Presseschau vom 18. April 2011 – die FAZ schreibt über den Fall Olivier Py und die französische Kulturpolitik
Improvisierter Trostpreis
Improvisierter Trostpreis
18. April 2011. Anlässlich der Nichtverlängerung Olivier Pys am Pariser Théâtre de l'Odéon beschreibt Joseph Hanimann in der Frankfurter Allgemeinen Zeitung (17.4.2011) die Vergabe der Leitungsposten an den sechs Staatsbühnen Frankreichs als "ein kompliziertes Pokerspiel in der hohen Sphäre der Politik", bei dem der Kulturminister Namen nennt, der Staatspräsident entscheidet. Dabei steche "politische Opportunität" bisweilen die Kompetenz aus.
"Pys Ernennung vor vier Jahren ins Pariser Odéon-Théâtre de l'Europe war eine Überraschung, die Bekanntgabe seiner Nichtverlängerung eine Provokation, seine nun angekündigte Übernahme des Theaterfestivals Avignon 2014 ist ein Witz." Eben dieses Festival hätte Py vor fünf Jahren schon haben wollen und auch fast bekommen – wurde dann aber mit dem Odéon vertröstet. "Kulturpolitik als improvisierte Trostpreisvergabe."
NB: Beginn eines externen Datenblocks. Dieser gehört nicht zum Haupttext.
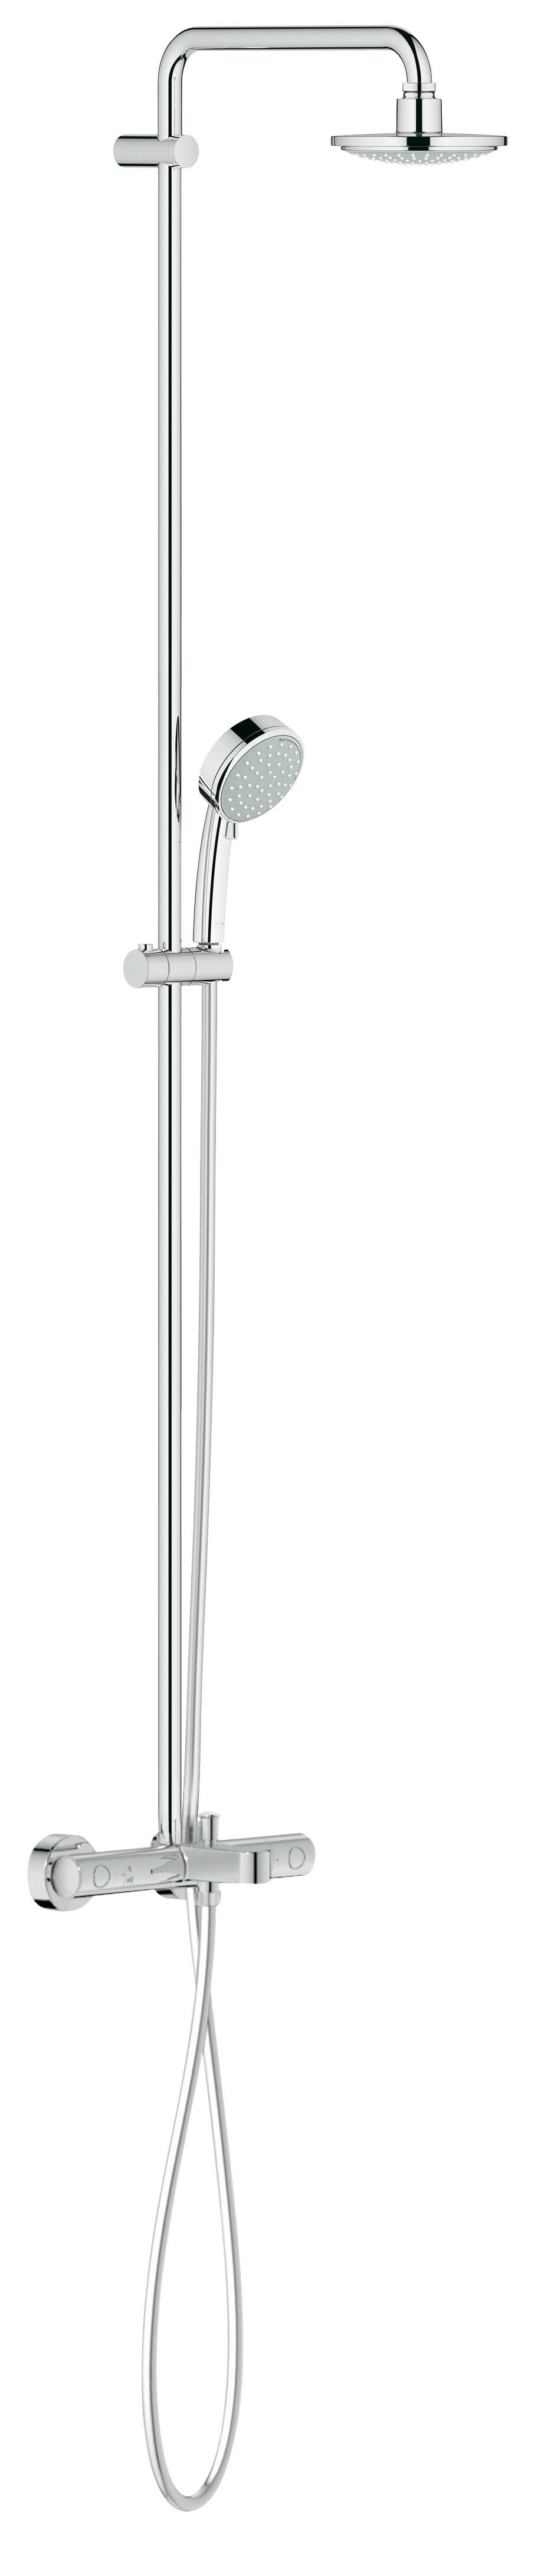 Grohe 26223000 Tempesta Cosmopolitan 160 с верхним и ручным душем, хром

Bei Pys Ernennung vor vier Jahren, sei angezweifelt worden, dass der Intendant als jemand, "der stets etwas ratlos durch Antwerpen, Berlin oder London und die bald kühlen, bald hysterischen Theatermetropolen des zeitgemäßen Europa ging", die europäische Ausrichtung des Programms angemessen würde erfüllen können. Py habe das Odéon dann allerdings "binnen kurzem in ein Treibhaus des Geistes" verwandelt, in dem klassisches Repertoire neben neuen Stücken stand, Bücher und Autoren vorgestellt sowie Gesellschaftsdebatten geführt wurden. Und mit den eingeladenen Gastspielen aus dem Ausland – u.a. Peter Steins I Demoni, Thomas Ostermeiers Dämonen, Nikolai Kolyadas russische "Hamlet"-Inszenierung aus Jekaterinenburg, Krzysztof Warlikowskis "Koniec" aus Warschau, Frank Castorfs Kean – sei durchaus vom persönlichen Stil des Hausherrn abgewichen worden.
Im Gegensatz zum zeitgenössischen "Textflucht- und Bearbeitungstheater" vertrete Py ein "Kreations- und Repertoiretheater, das die Umgestaltung von den Themen her angeht und unermüdlich die alten Mythen umpflügt". Sein Theater lasse "Metaphern zum Kampf gegen Konzepte antreten" und trage durchaus "Züge eines neuen politischen Theaters" – der Stil dürfe "nach einer Periode der Formspiele" demnächst dann auch wieder nach Avignon zurückkehren.
"Die Talentverschleuderungspolitik der politischen Stellenbesetzungen trifft aber nicht in allen Fällen auf Universalbegabungen und sollte drauf achten, etwas längerfristig zu denken", kommentiert Hanimann abschließend.